Here is a poem by Tate. Some of its imagery reminds me of simple hot summers in Platte County, where we'd go near the river to swim and to put pennies on the railroad tracks. With nothing better to do, thinking we knew everything, we'd sit and wait for freight trains to come by and blow loud wind, impossibly close, in our hair and ears.
"Success Comes to Cow Creek"
I sit on the tracks,
a hundred feet from
earth, fifty from the
water. Gerald is
inching toward me
as grim, slow, and
determined as a
season, because he
has no trade and wants
none. It’s been nine months
since I last listened
to his fate, but I
know what he will say:
he’s the fire hydrant
of the underdog.
When he reaches my
point above the creek,
he sits down without
salutation, and
spits profoundly out
past the edge, and peeks
for meaning in the
ripple it brings. He
scowls.
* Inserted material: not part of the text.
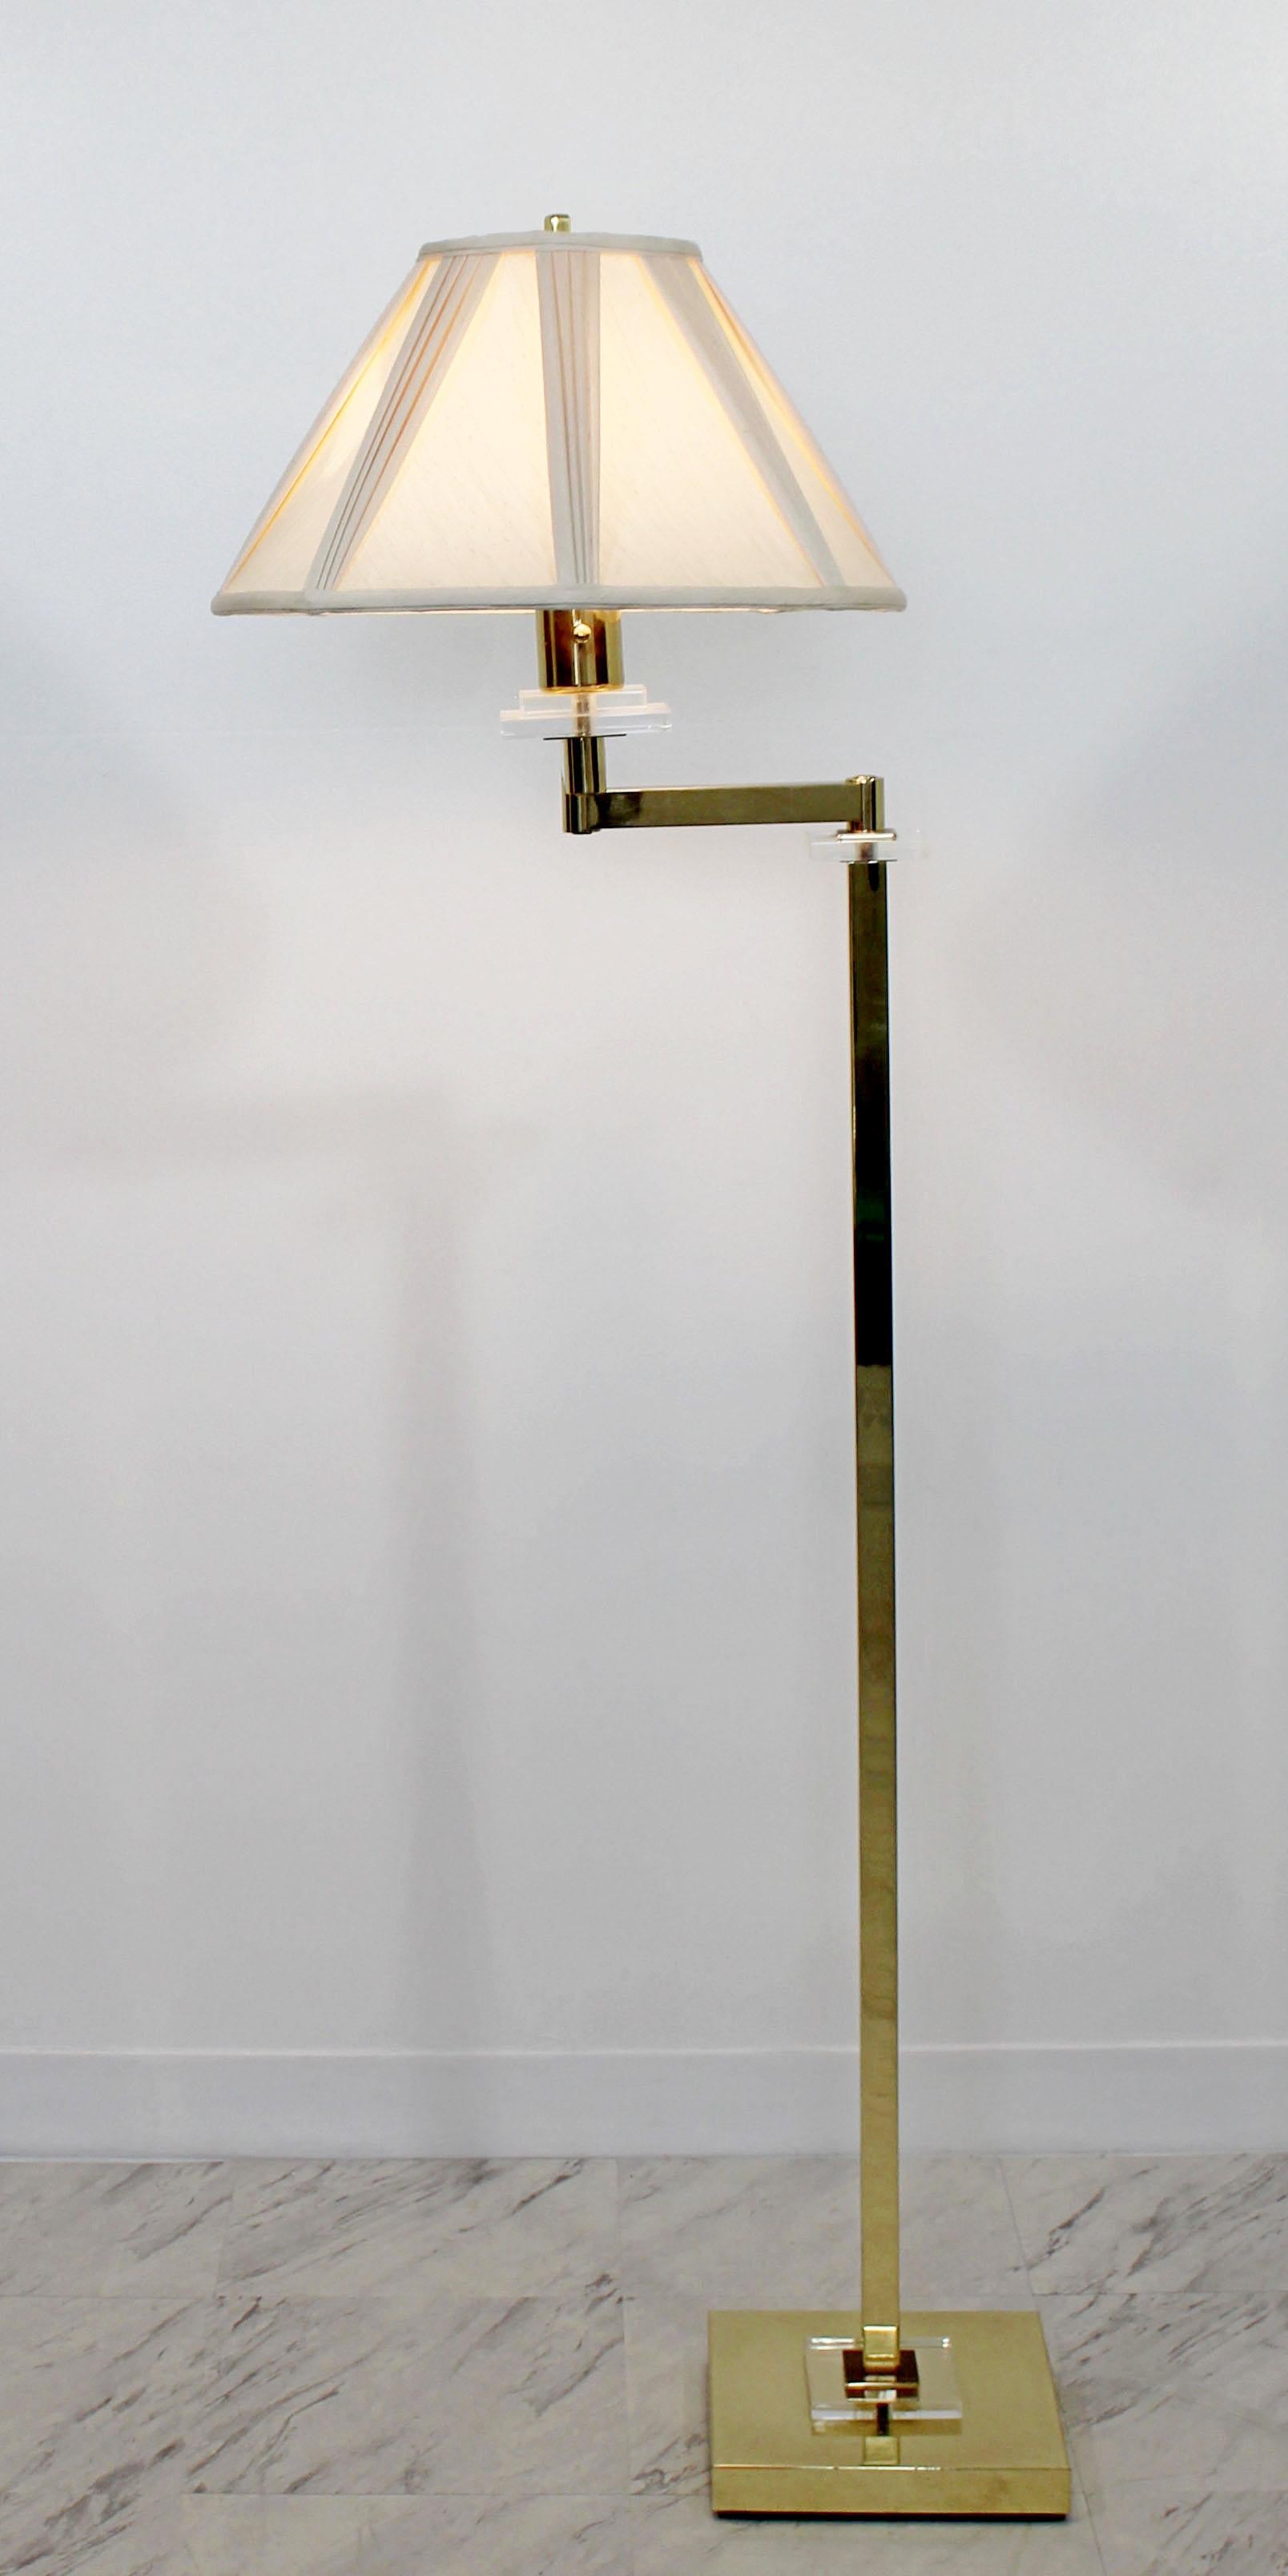 For your consideration is a wonderful, swing arm floor lamp, made of brass and with Lucite accents, with original finial, in the style of Karl Springer, circa the 1970s. In excellent condition. The dimensions of the base are 9.5

He speaks: when you
walk down any street
you see nothing but
coagulations
of shit and vomit,
and I’m sick of it.
I suggest suicide;
he prefers murder,
and spits again for
the sake of all the
great devout losers.
A conductor’s horn-From The Lost Pilot (1961)
concerto breaks the
air, and we, two doomed
pennies on the track,
shove off and somersault
like anesthetized
fleas, ruffling the
ideal locomotive
poised on the water
with our light, dry bodies.
Gerald shouts
terrifically as
he sails downstream like
a young man with a
destination. I
swim toward shore as
fast as my boots will
allow; as always,
neglecting to drown.
(Side note: The weekend was, in short: marimba music, cameras, cleaning, and sweet old dogs. Mondays are killer, but I'm trying this new self-imposed bedtime thing. Maybe I'll finally establish some semblance of routine.)
Thanks for reading this, dear friend.